Pablo's Winter (El Invierno de Pablo) is set in Almadén, the filmmaker's hometown, which hosted for 2000 years the most productive mercury mines in World History. The mines closed some 15 years ago and the last generation of mercury miners are now in their seventies.
Pablo's Winter is the story of a retired mercury miner trying to stop smoking, with the end of the mining culture as an important backdrop. These miners and their families have been widely underrepresented. Therefore, with this film we aim to make justice to the essential role that the mercury miners have had in the history of this town.
Pablo, a chain smoker retired miner is always sitting down at his living room table. When Pablo visits the doctor, we find out that he has suffered five heart attacks. The doctor urges the miner to stop smoking. Pablo shrugs and buys 40 packets of fags in his way home...

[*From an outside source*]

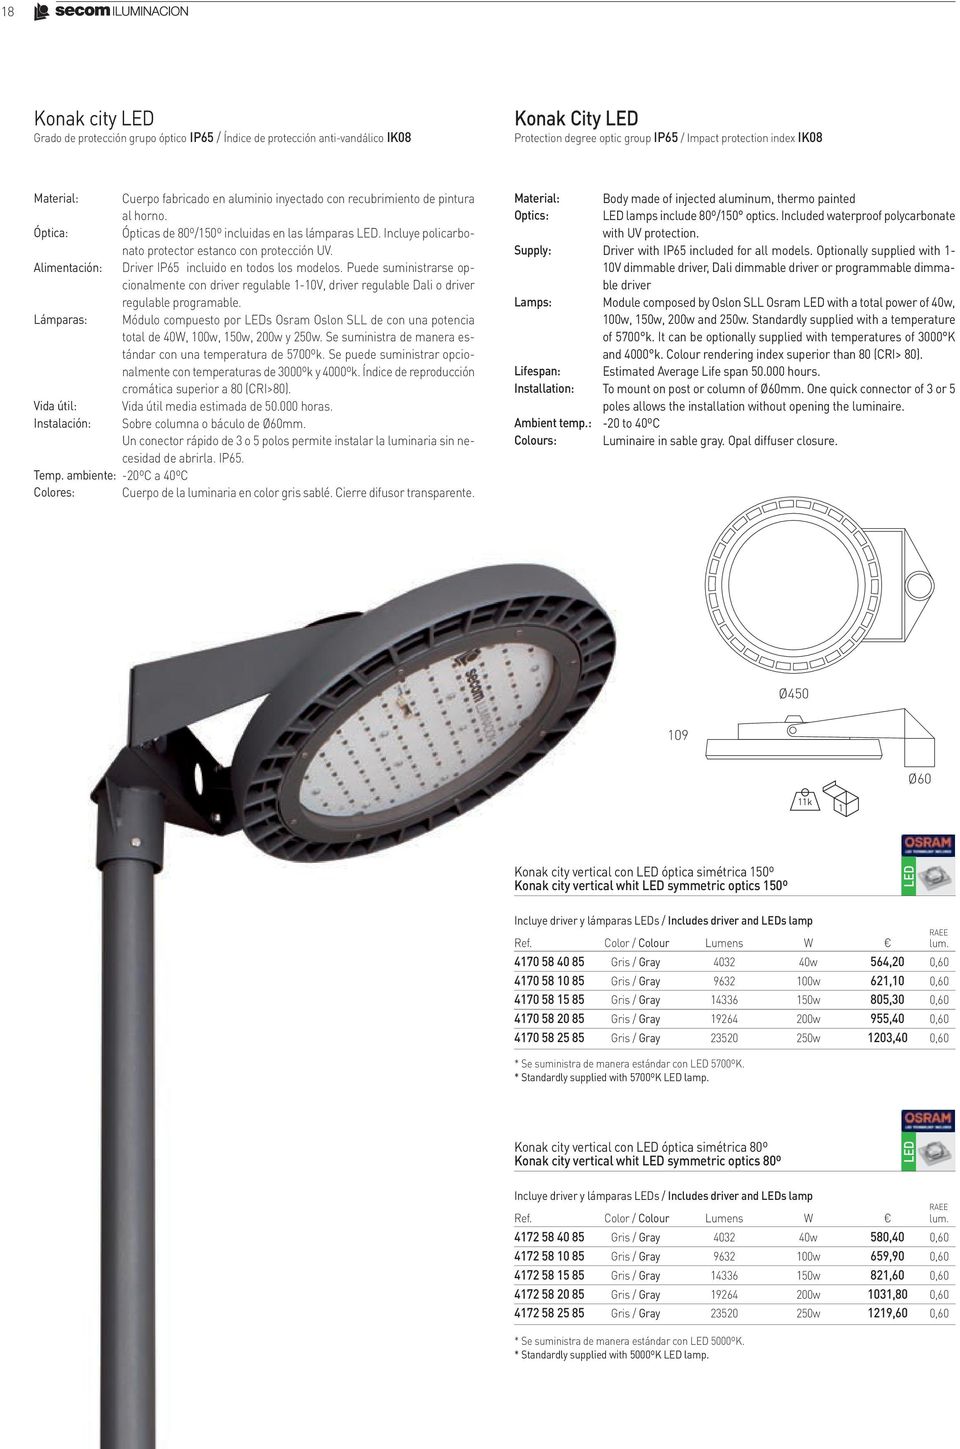 Ópticas de 80º/150º incluidas en las lámparas LED. Incluye policarbonato protector estanco con protección UV. Driver IP65 incluido en todos los modelos.

A story of nicotine and mercury
Pablo spends the vast majority of his days alone. Either in front of the TV or sitting in his garage. Always surrounded by a cloud of smoke. This is how we meet him; thoughtful, quiet and taciturn. His dark eyes pierce the world surrounding him, seeing way beyond the surface of the town. His only interaction is with his wife. Their relationship is one of old habits and routines, two lives that run side by side but seemingly rarely intersect. When Pablo visits the doctor, he is told he must give up smoking; Pablo listens politely, shrugs, walks out, and lights up the next cigarette outside the very doors of the consultancy. He has no time for doctors.
As the obvious question of whether Pablo will succeed in his attempt to quit smoking arises so does the issue of the future of Almadén. Thus, this film becomes a profound reflection on past and present, the traditional and the new. It is a moment of historical importance for the town and it’s older generations, but it is also a moment of hope and opportunity for the young to reinvent themselves and create a new identity for this town steeped in history.
An x-ray of a town
Pablo's Winter visually explores the decay and abandonment of a town through the marks that the past has left on the local landscape. The black and white photography is used for its capacity to enhance the feeling, and texture, of a world that disappears.
Conceptually, the image of Pablo's lungs x-ray becomes pivotal to the film imagery, providing a strong visual motif to represent surface and depth, the two realities of a mining village. Likewise the real Almadén is beneath the surface, the real conflict that Pablo's Winter explores goes beyond Pablo's attempt to stop smoking, becoming a film about the end of an era.